**Provided material**:
|---|

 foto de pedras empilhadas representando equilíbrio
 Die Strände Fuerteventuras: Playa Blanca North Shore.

|---|

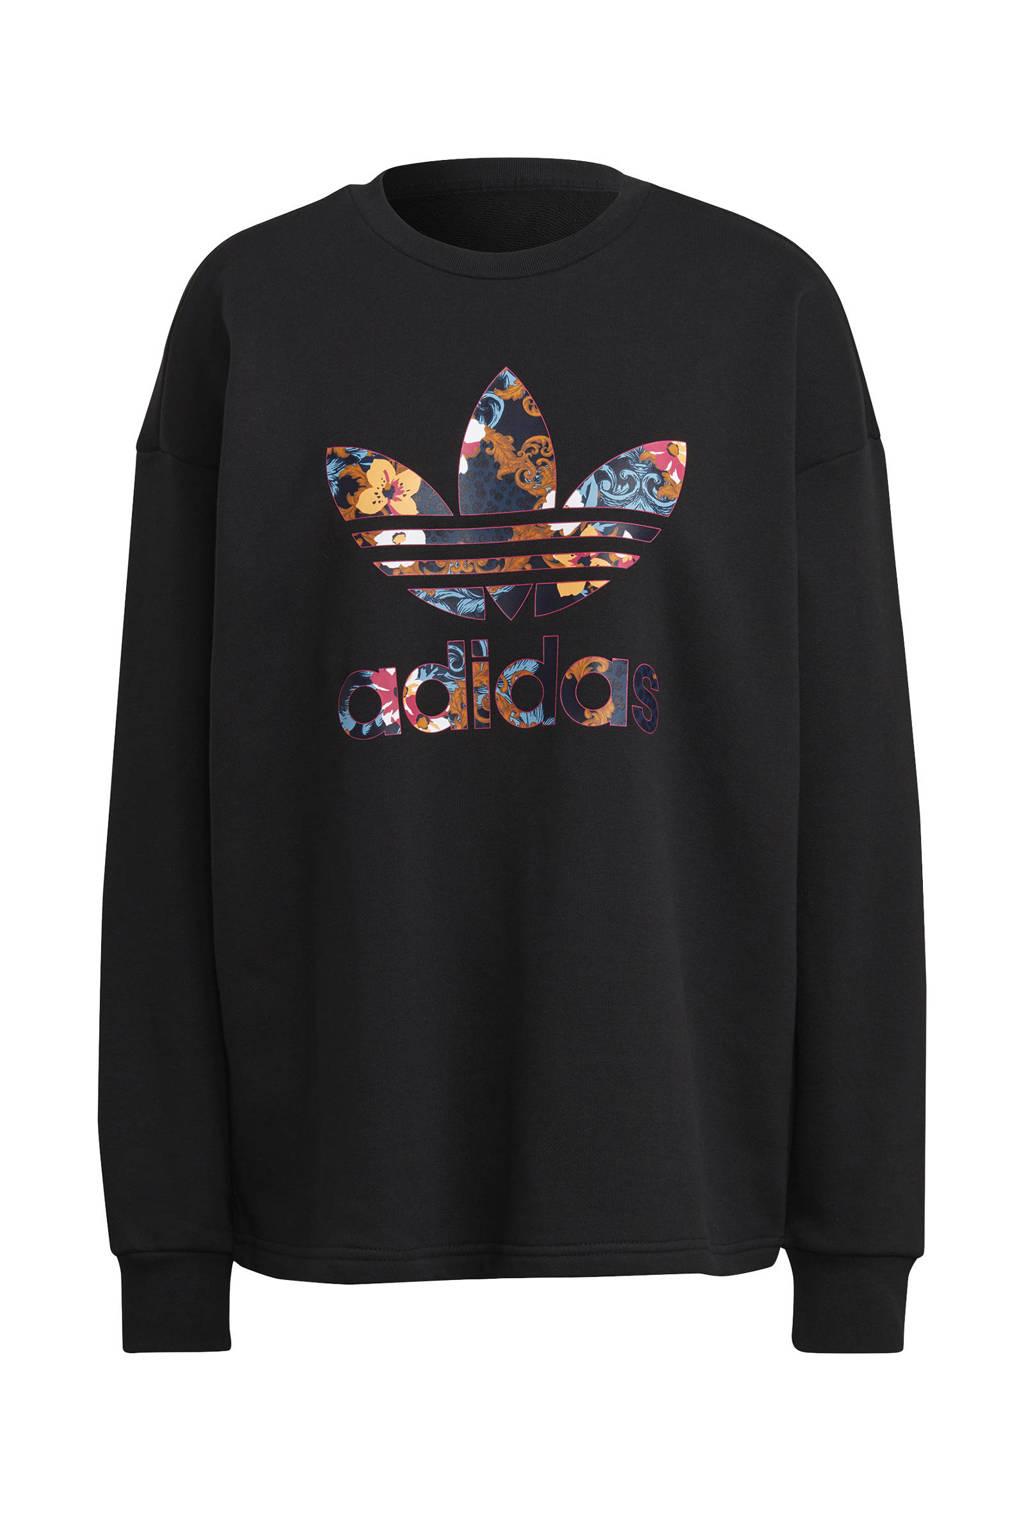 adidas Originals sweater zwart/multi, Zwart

|---|

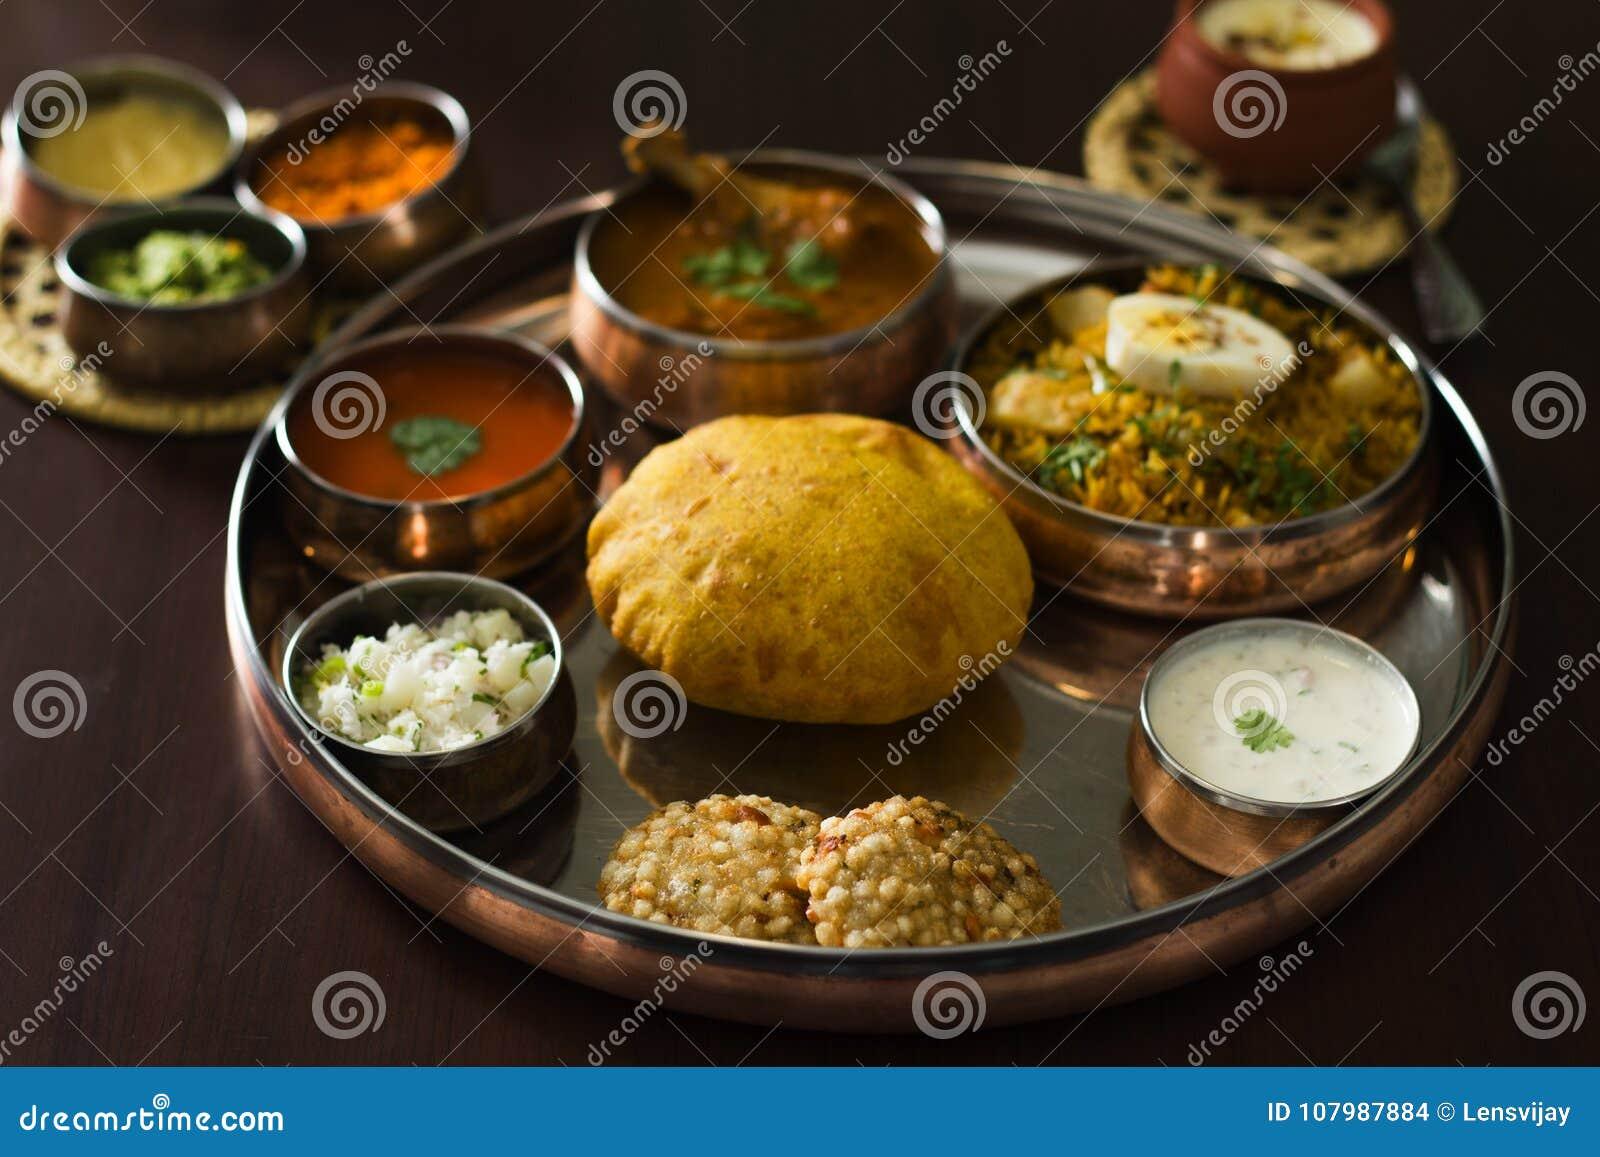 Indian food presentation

|---|

**Activity**:
The expected answer is an exact copy of the lines above, beginning at the line with "foto de pedras" and ending at the line with "Die Strände Fuerteventuras: Playa", with both ends in.

**Solution**:
 foto de pedras empilhadas representando equilíbrio
 Die Strände Fuerteventuras: Playa Blanca North Shore.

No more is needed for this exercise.